• WORK ITEM: Output exactly the lines from the line that has "Thành viên Câu" through the last line of the data below, with no pictures.

• SOURCE DATA:

※

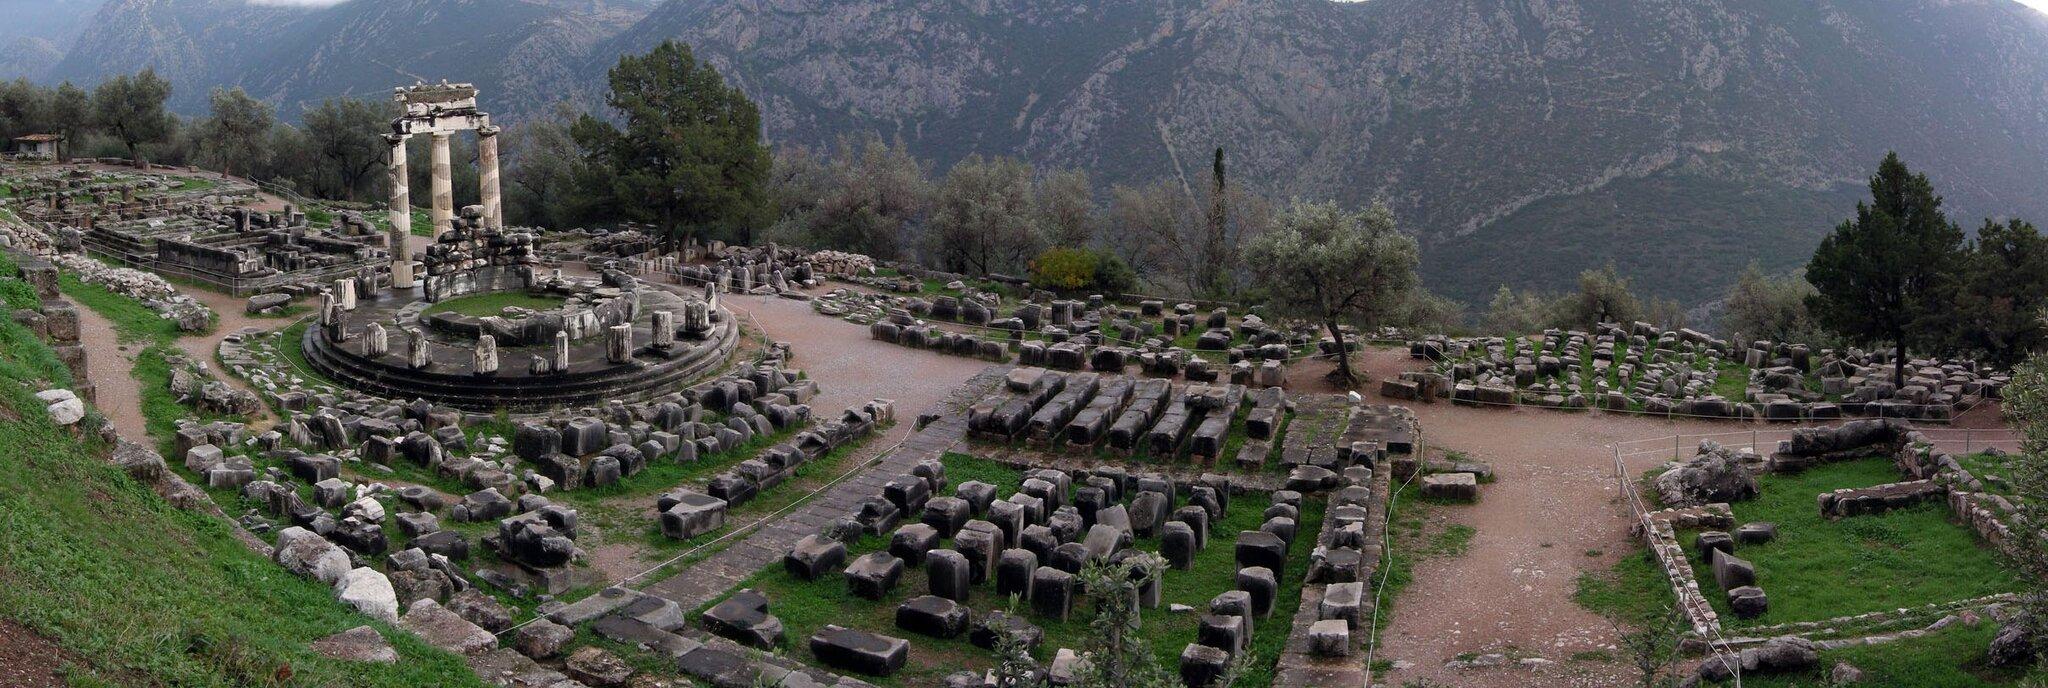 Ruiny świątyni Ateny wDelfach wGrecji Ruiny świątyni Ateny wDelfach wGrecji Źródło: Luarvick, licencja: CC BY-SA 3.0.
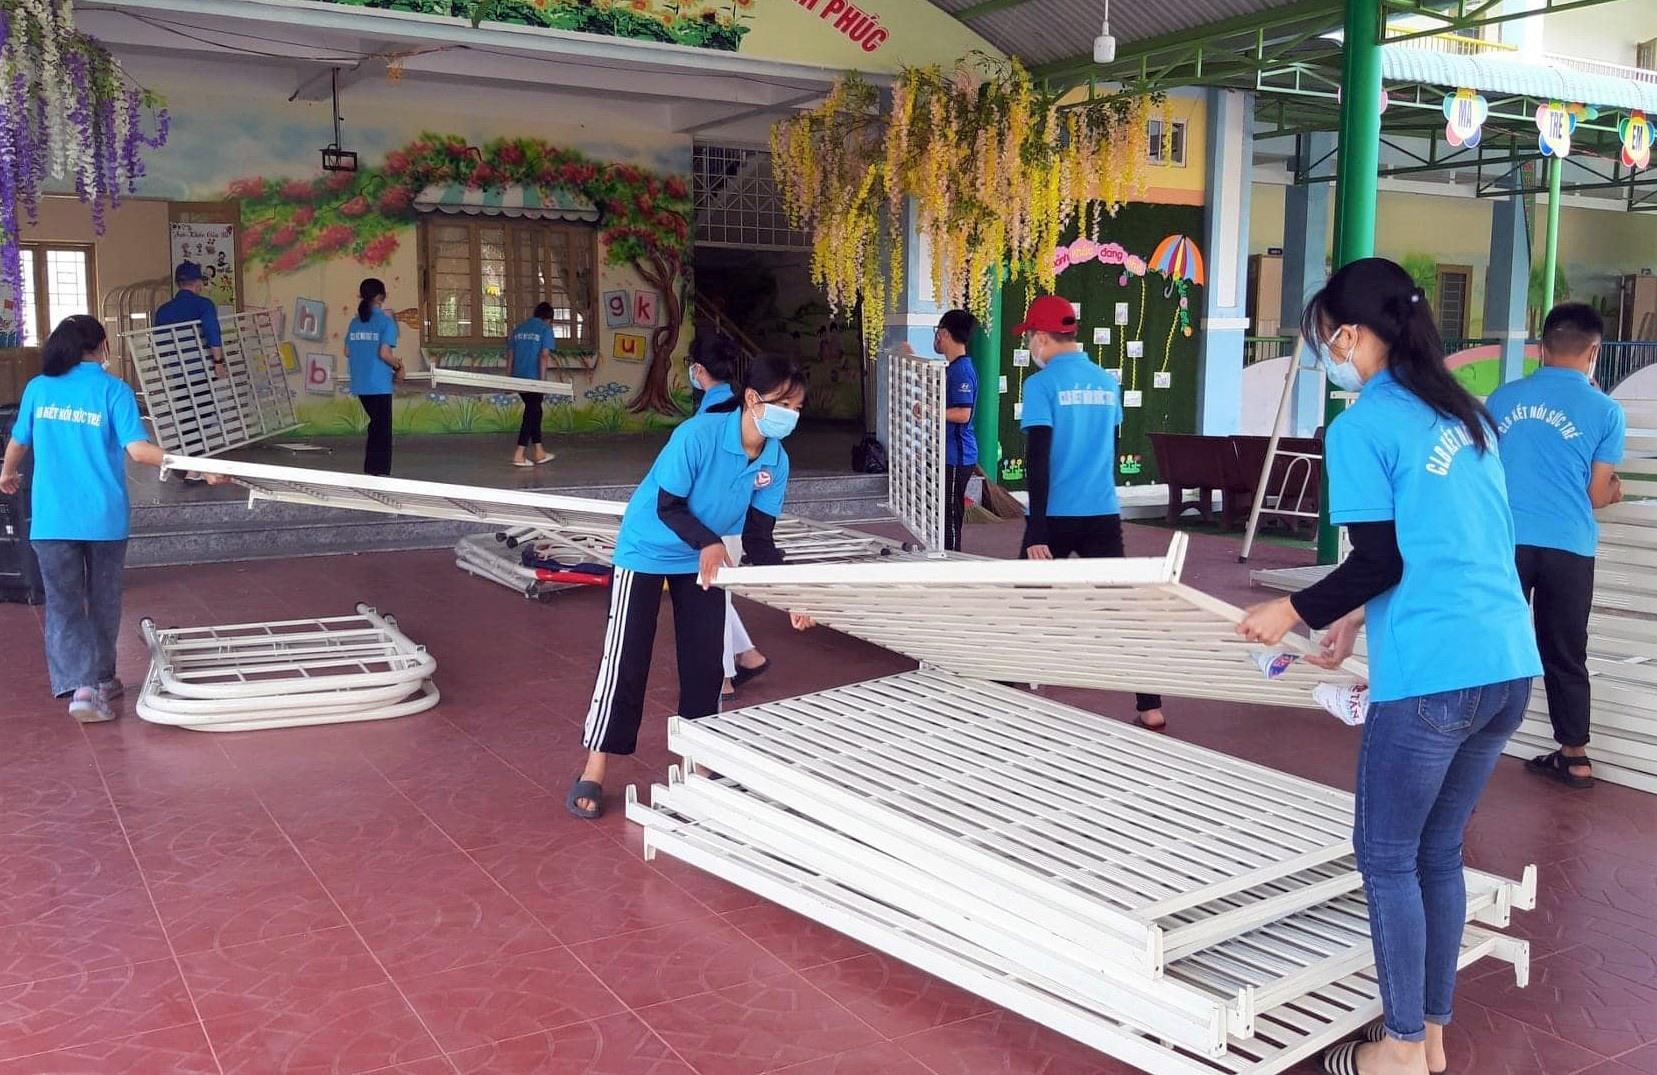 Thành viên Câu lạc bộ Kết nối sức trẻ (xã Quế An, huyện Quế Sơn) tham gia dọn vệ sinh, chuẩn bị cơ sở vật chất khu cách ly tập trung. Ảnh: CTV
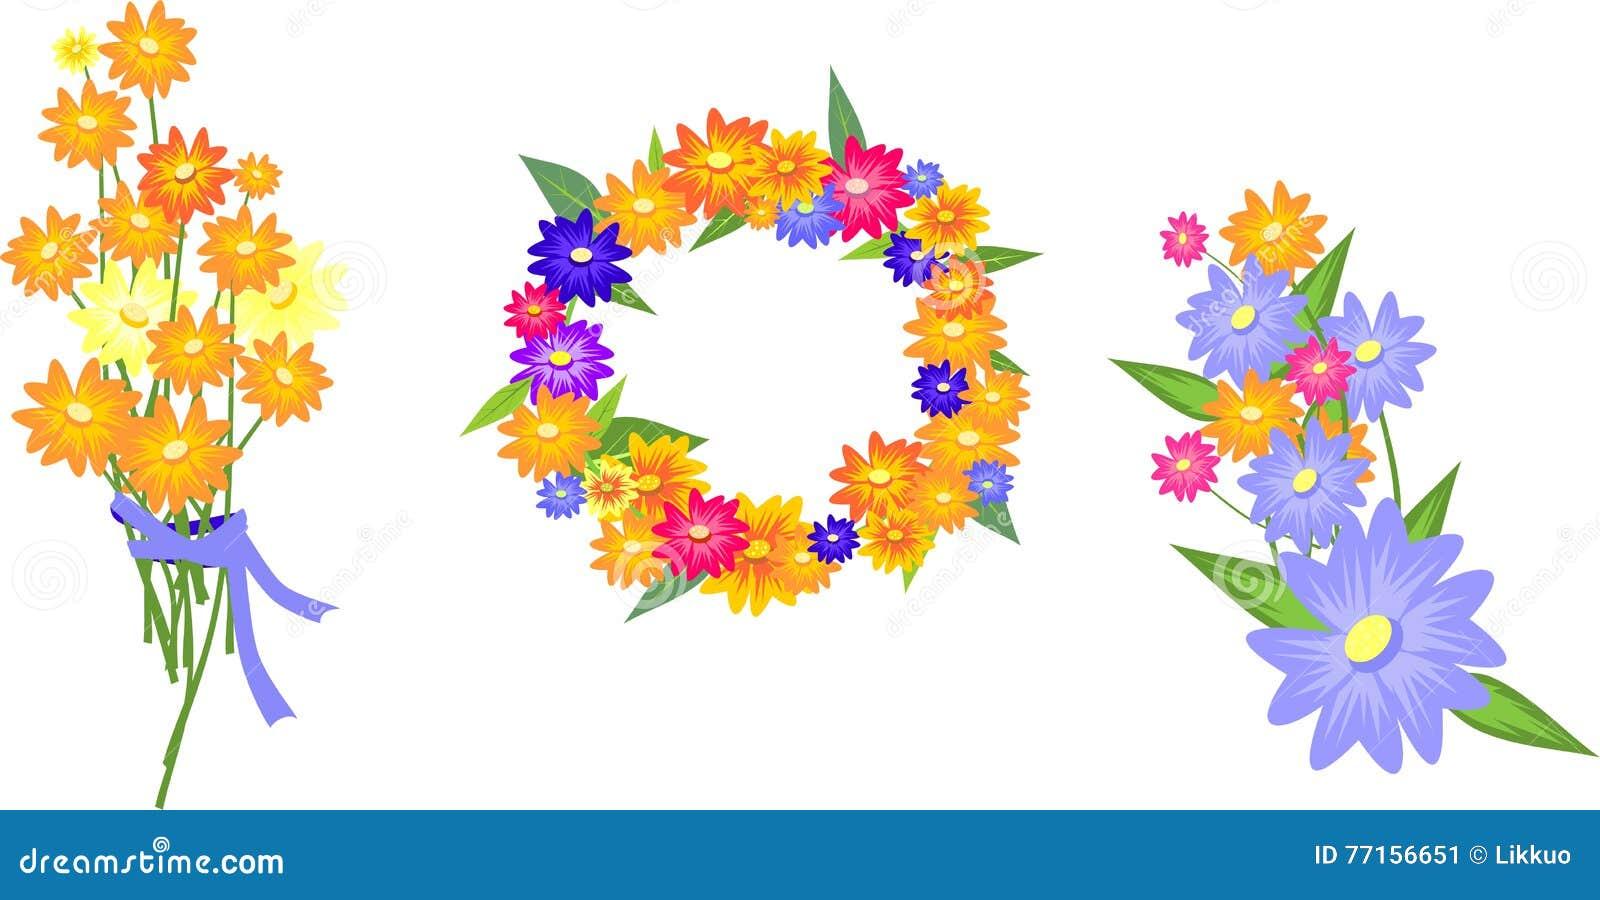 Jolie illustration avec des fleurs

※

• RESPONSE AREA:
 Thành viên Câu lạc bộ Kết nối sức trẻ (xã Quế An, huyện Quế Sơn) tham gia dọn vệ sinh, chuẩn bị cơ sở vật chất khu cách ly tập trung. Ảnh: CTV
 Jolie illustration avec des fleurs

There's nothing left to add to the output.